Strzok went on to add that a “social setting with others would probably be better than a one on one meeting.” The text exchange appears to suggest that Page and Strzok were angling to lobby the judge to help Strzok with a case.
Strzok’s plan to use a social gathering to influence Contreras is particularly alarming because, as the same Post article notes, “Strzok, with another FBI agent, interviewed Flynn about his conversations with Russia’s then-ambassador, Sergey Kislyak, during the transition.” Judges are not supposedto have secret meetings about “pending or impending” matters except as prescribed by law.

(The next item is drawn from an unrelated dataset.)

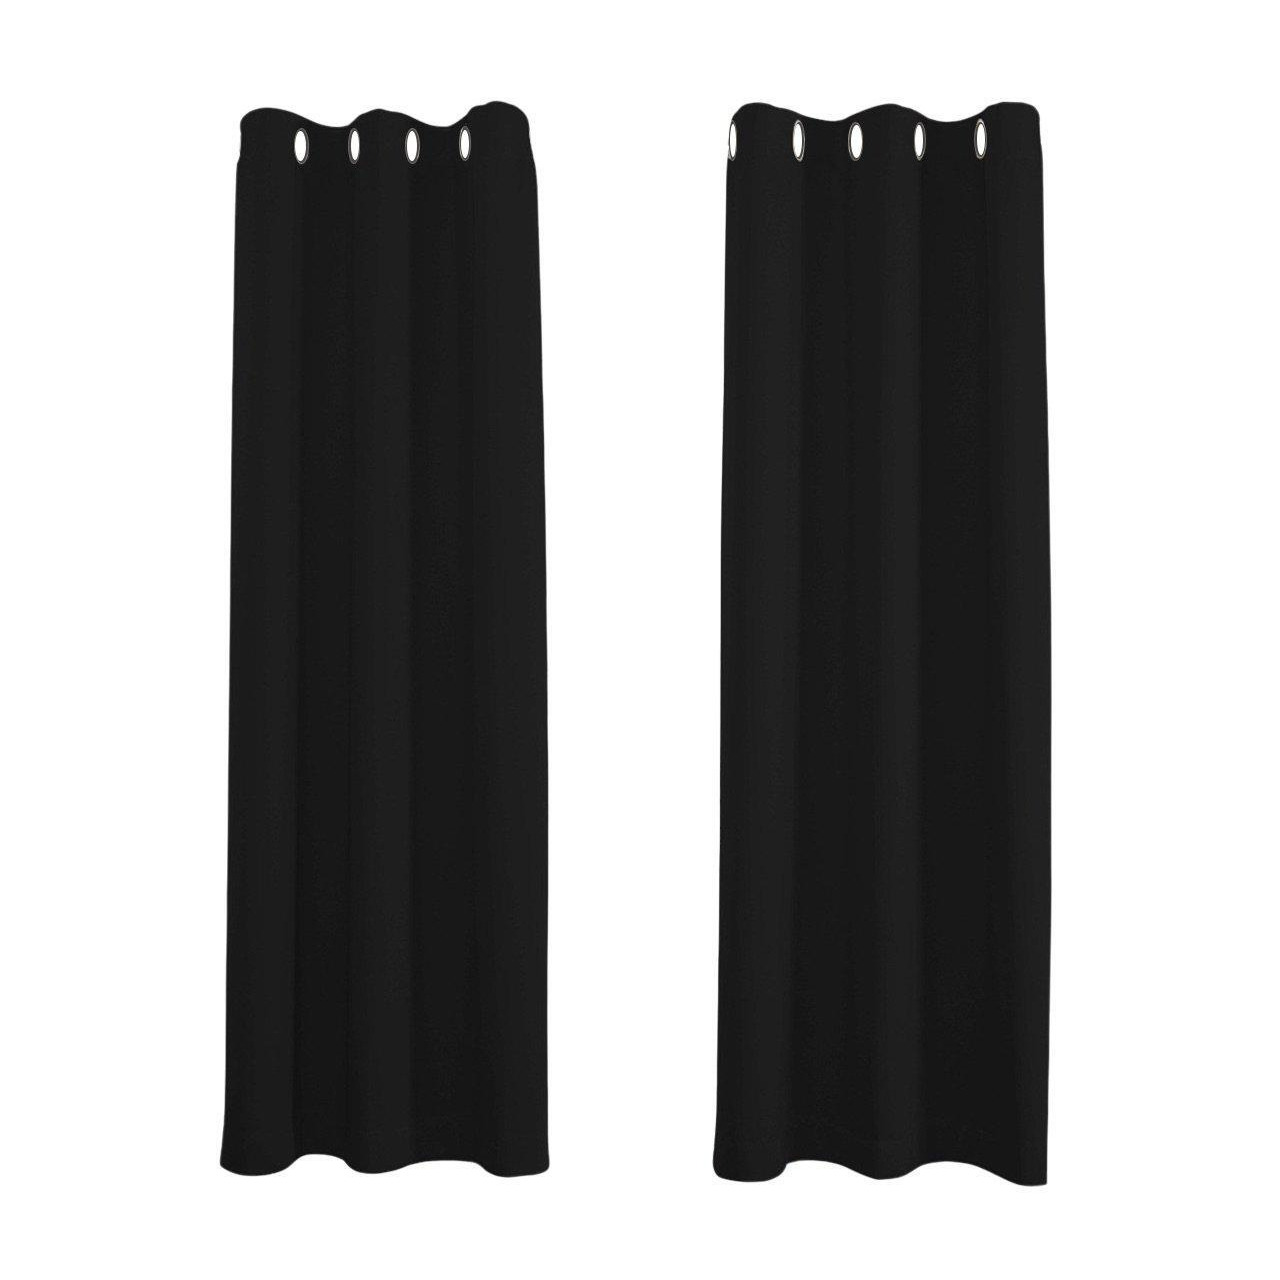 High Quality Polyester Room Darkening Curtains - Eyelet Thermal Curtain 2 Panel Pair - image 1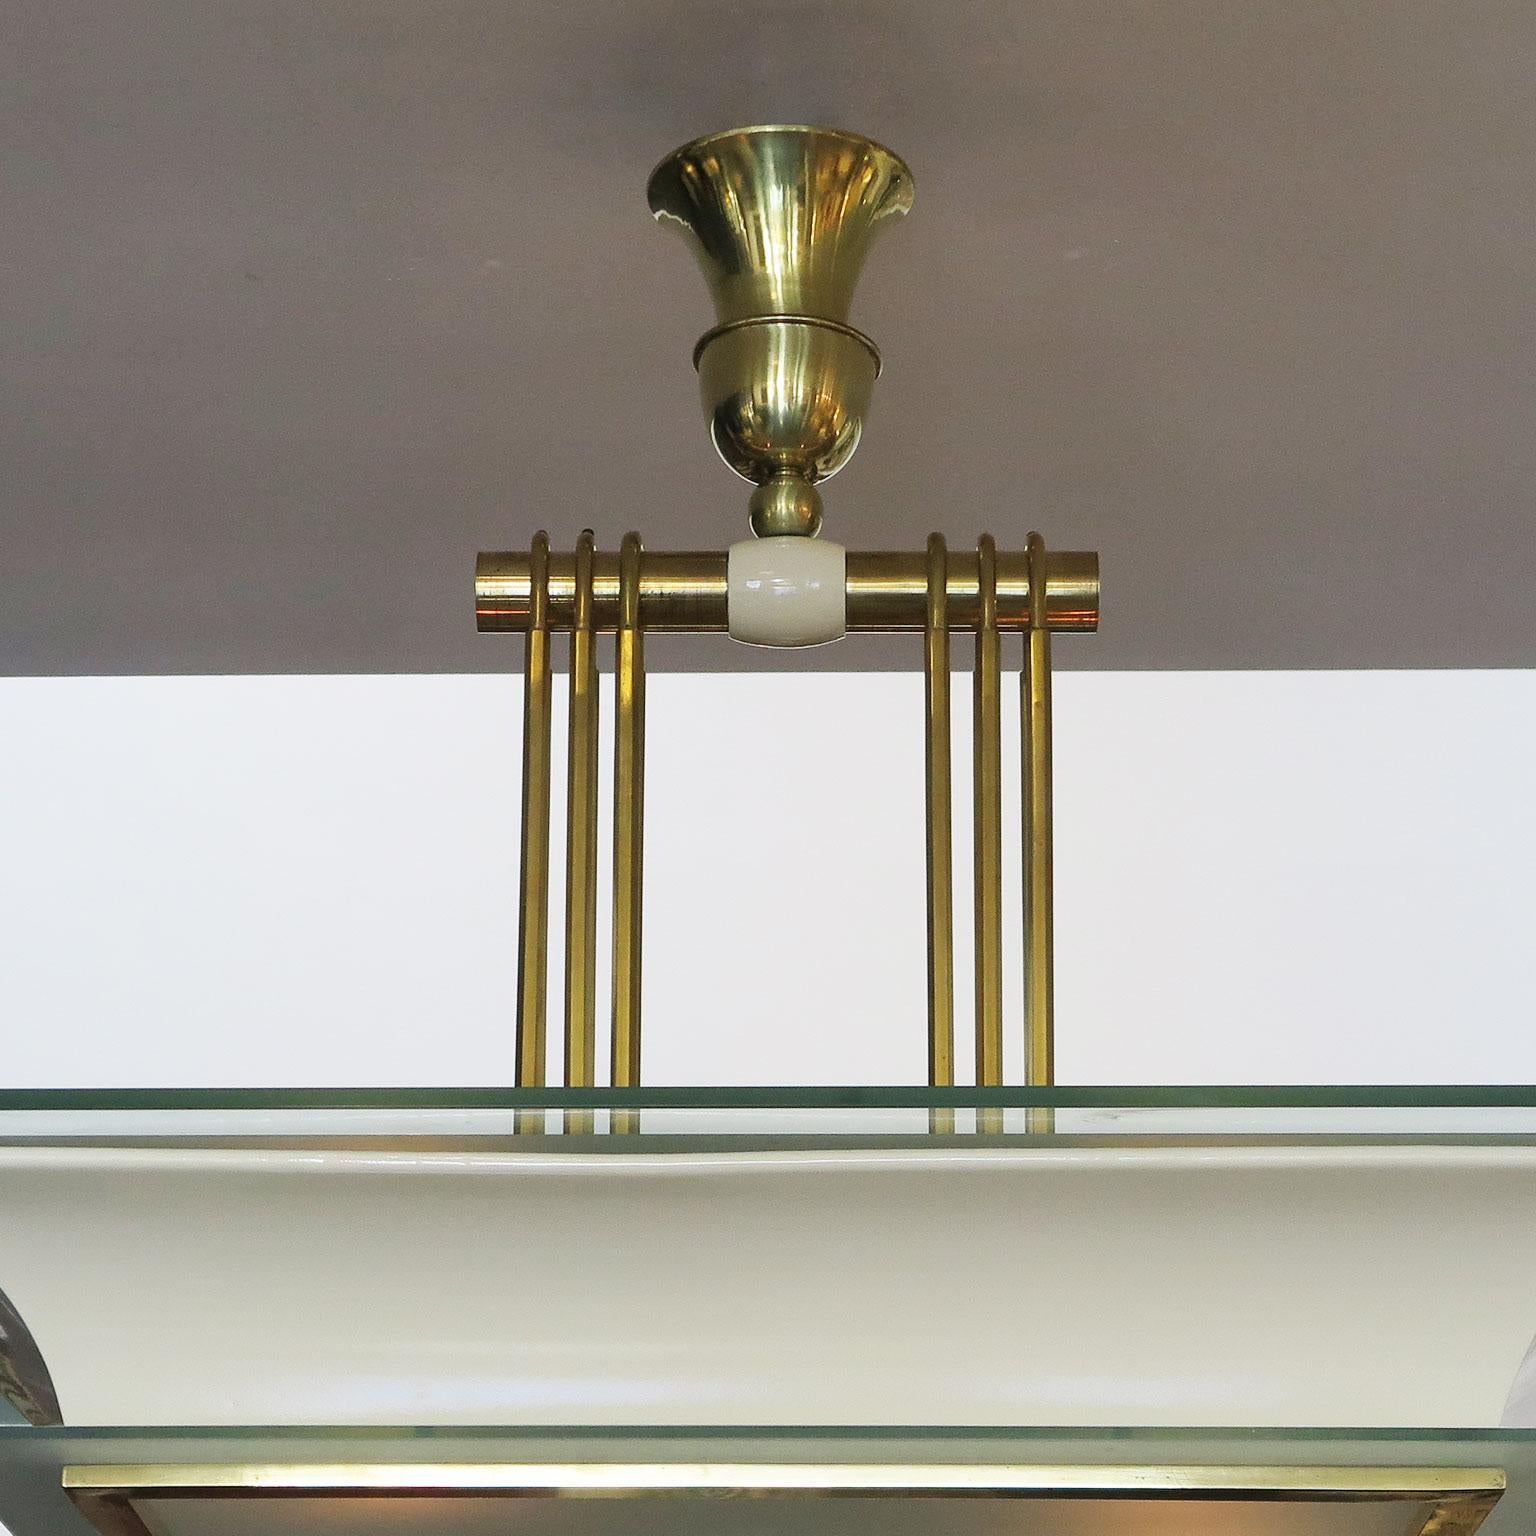 20th Century Art Deco Chandelier in Cream Lacquer and Glass with Brass Details

One imagines that if Strzok’s hoped-for contact with Judge Contreras was legitimate, a more appropriate venue for a permissible contact would be a courtroom or the judge’s chambers, not a cocktail party. It should go without saying that there are no court reporters at cocktail parties to preserve the conversation for later review.
We have absolutely no indication that Contreras participated in any improper secret conversation with Strzok. Nor do we know that the judge knew about Strzok’s relationship to the case when he accepted the Flynn plea. Margot Cleveland wrote an analysis of the recusal which nevertheless leaves open the question as to why the recusal was necessary.
This leads to the next question: did Flynn have a right to know the underlying circumstances behind the recusal and, had he known, would he have still gone forward with the plea agreement?
Powell’s new filing calls to mind her important book, License to Lie, a journal of the government’s destruction of the accounting firm Arthur Andersen through a later discredited prosecution by (among others) Andrew Weissmann. One should also remember that the judge who replaced Contreras happens to be the same judge who caught the government framing Senator Ted Stevens. One hopes that the aggressive defense of Flynn by his attorney will give the Justice Department pause before taking out another “insurance policy” against an election result they don’t like.